A student wants to use Gauss's law to find the electric field at distance r from an infinitely long wire carrying uniform linear charge density λ. She draws a spherical Gaussian surface of radius r centered on the wire. Why will this fail to give her the field directly?
AGauss's law only applies to spherical charge distributions, not line charges
BThe spherical surface does not enclose the correct amount of charge
COn a spherical surface, E is not uniform in magnitude and not everywhere perpendicular to the surface, so the flux integral cannot be simplified
DGauss's law requires the surface to extend to infinity for infinite charge distributions
Gauss's law is always valid — the flux through any closed surface equals Q_enc/ε₀. The problem is that for a spherical surface around a wire, the electric field is not constant in magnitude and is not everywhere perpendicular to the surface (it points radially outward from the wire, not radially outward from the sphere's center). This means the flux integral ∮ E⃗·dA⃗ cannot be replaced with E·A. The correct Gaussian surface is a coaxial cylinder, on whose curved surface E is constant in magnitude and perpendicular, allowing the integral to collapse to E·(2πrL) = λL/ε₀.
Question 2 Multiple Choice
The electric field at distance r from an infinite line charge drops off as 1/r, while the field from a point charge drops off as 1/r². What physical reason explains this difference?

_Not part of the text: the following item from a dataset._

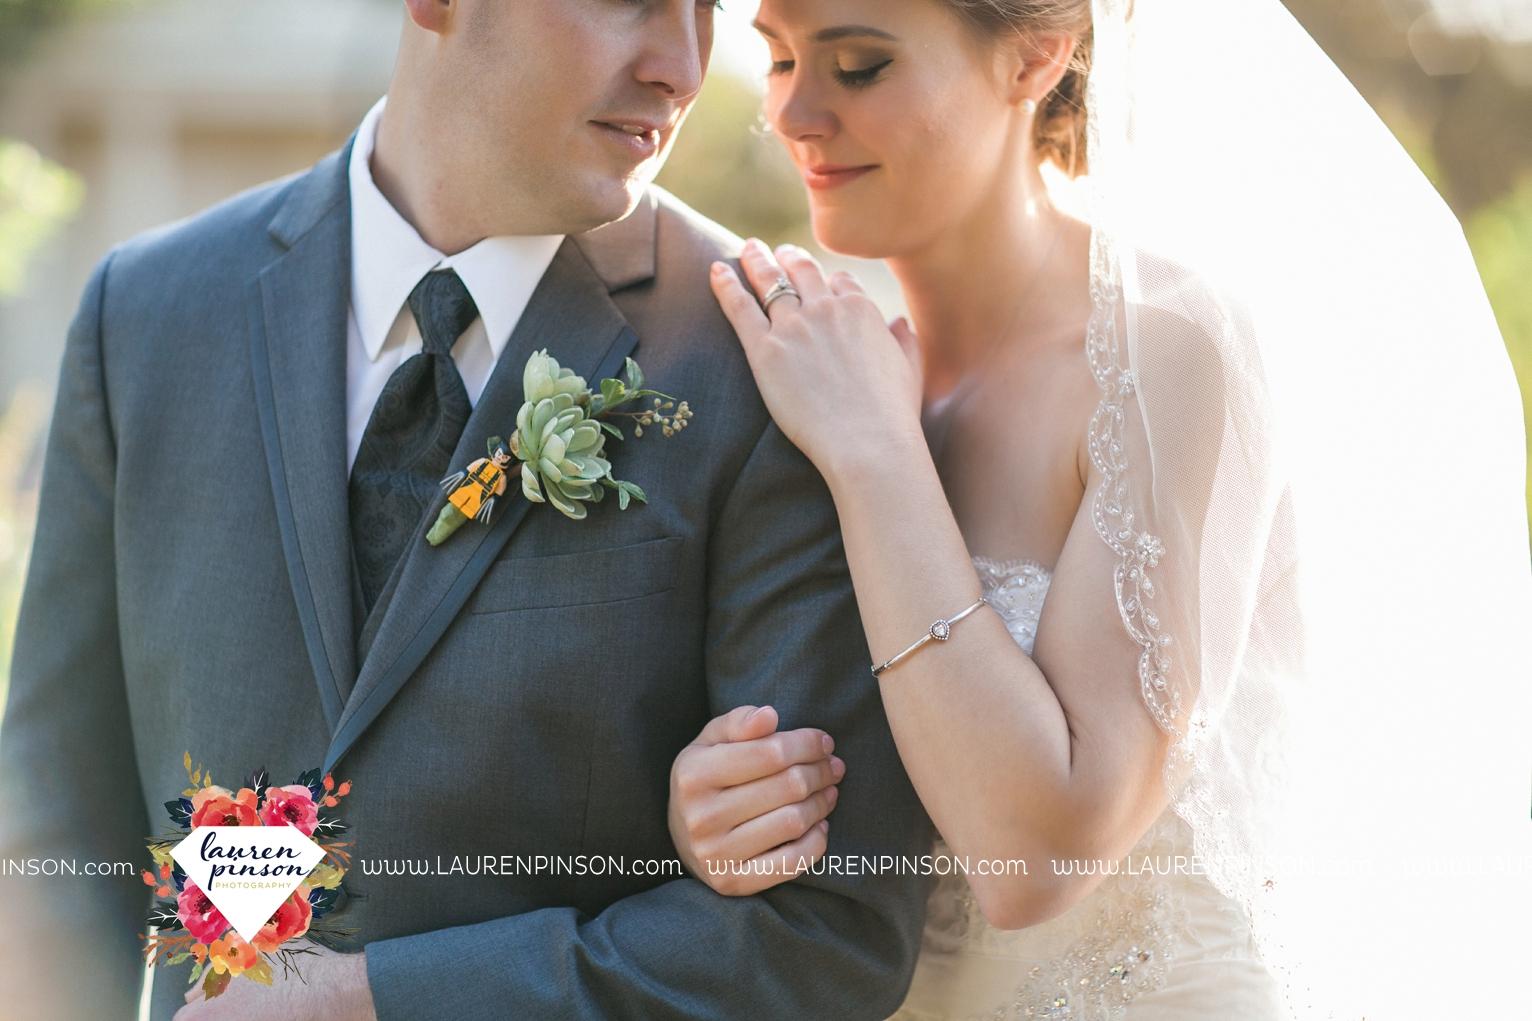 kemp-center-for-the-arts-wichita-falls-texas-wedding-photographer-fall-wedding-pumpkins-173.jpg

ALine charges are weaker than point charges, so their fields are smaller at all distances
BFor a line charge, the flux spreads over a cylindrical surface (area ∝ r) rather than a spherical surface (area ∝ r²), so E ∝ 1/r rather than 1/r²
CThe 1/r falloff is an approximation that only holds near the wire
DPoint charges obey the inverse square law; line charges are an exception that violates it
The key insight from Gauss's law: E is determined by dividing Q_enc by the area of the Gaussian surface. For a point charge, the natural surface is a sphere with area 4πr², giving E ∝ 1/r². For an infinite line charge, the natural surface is a cylinder with curved-surface area 2πrL, giving E ∝ 1/r. The dimensionality of the charge distribution determines how the flux spreads: a point (0D) source spreads over spheres, a line (1D) source spreads over cylinders. This is not an exception to electrostatics — it follows directly from the geometry of flux spreading.
Question 3 True / False
Outside a uniformly charged spherical shell, the electric field is identical to that of a point charge with the same total charge located at the shell's center.
TTrue
FFalse
Answer: True
This is one of the most powerful results from Gauss's law applied to spherical symmetry. Drawing a concentric spherical Gaussian surface of radius r > R (the shell radius), the enclosed charge is Q regardless of how it is distributed on the shell's surface, and by symmetry E is radially outward and uniform on this surface. The result E = Q/(4πε₀r²) is identical to a point charge — the shell's internal structure is invisible to an external observer. This is the shell theorem, which also applies to gravity: Earth pulls you as if all its mass were at its center.
Question 4 True / False
Gauss's law can be used to directly calculate the electric field from any charge distribution, provided you choose the Gaussian surface carefully enough.
TTrue
FFalse
Answer: False
Gauss's law is always valid as a relation between flux and enclosed charge — but 'calculating E directly' requires being able to pull E outside the integral, which demands that E be uniform in magnitude and perpendicular to the Gaussian surface everywhere. This is only possible when the charge distribution has spherical, cylindrical, or planar symmetry. For an arbitrary charge distribution (e.g., a uniformly charged disk, or two separated point charges), no Gaussian surface has E constant and perpendicular on it, so the integral cannot be simplified. In those cases, you must use direct integration (Coulomb's law) or numerical methods.
Question 5 Short Answer
Before applying Gauss's law, you must argue from symmetry that the electric field has a certain direction and dependence on position. Why is this step essential, and what specifically must you establish?
Think about your answer, then reveal below.
Model answer: Gauss's law gives you one equation: ∮ E⃗·dA⃗ = Q_enc/ε₀. This is a vector integral with an unknown vector field E⃗. To solve for the magnitude of E, you must first use symmetry to establish two things: (1) the direction of E⃗ at every point on your chosen Gaussian surface — so that E⃗ is either parallel or perpendicular to dA⃗ — and (2) the magnitude |E| is constant on the surface (or on the parts where E⃗ is not perpendicular). Only then does the integral reduce to E times the area of the relevant surface, giving a solvable algebraic equation.
The discipline of Gauss's law applications is fundamentally the discipline of symmetry arguments. The law is always true but not always useful. What makes it useful is choosing a surface shaped by the symmetry of the source so that the direction and position-dependence of E are already determined before you write any equation. This is why the three standard geometries (spherical, cylindrical, planar) each have their canonical Gaussian surface: sphere, coaxial cylinder, pillbox — each chosen because it matches the symmetry of the corresponding charge geometry.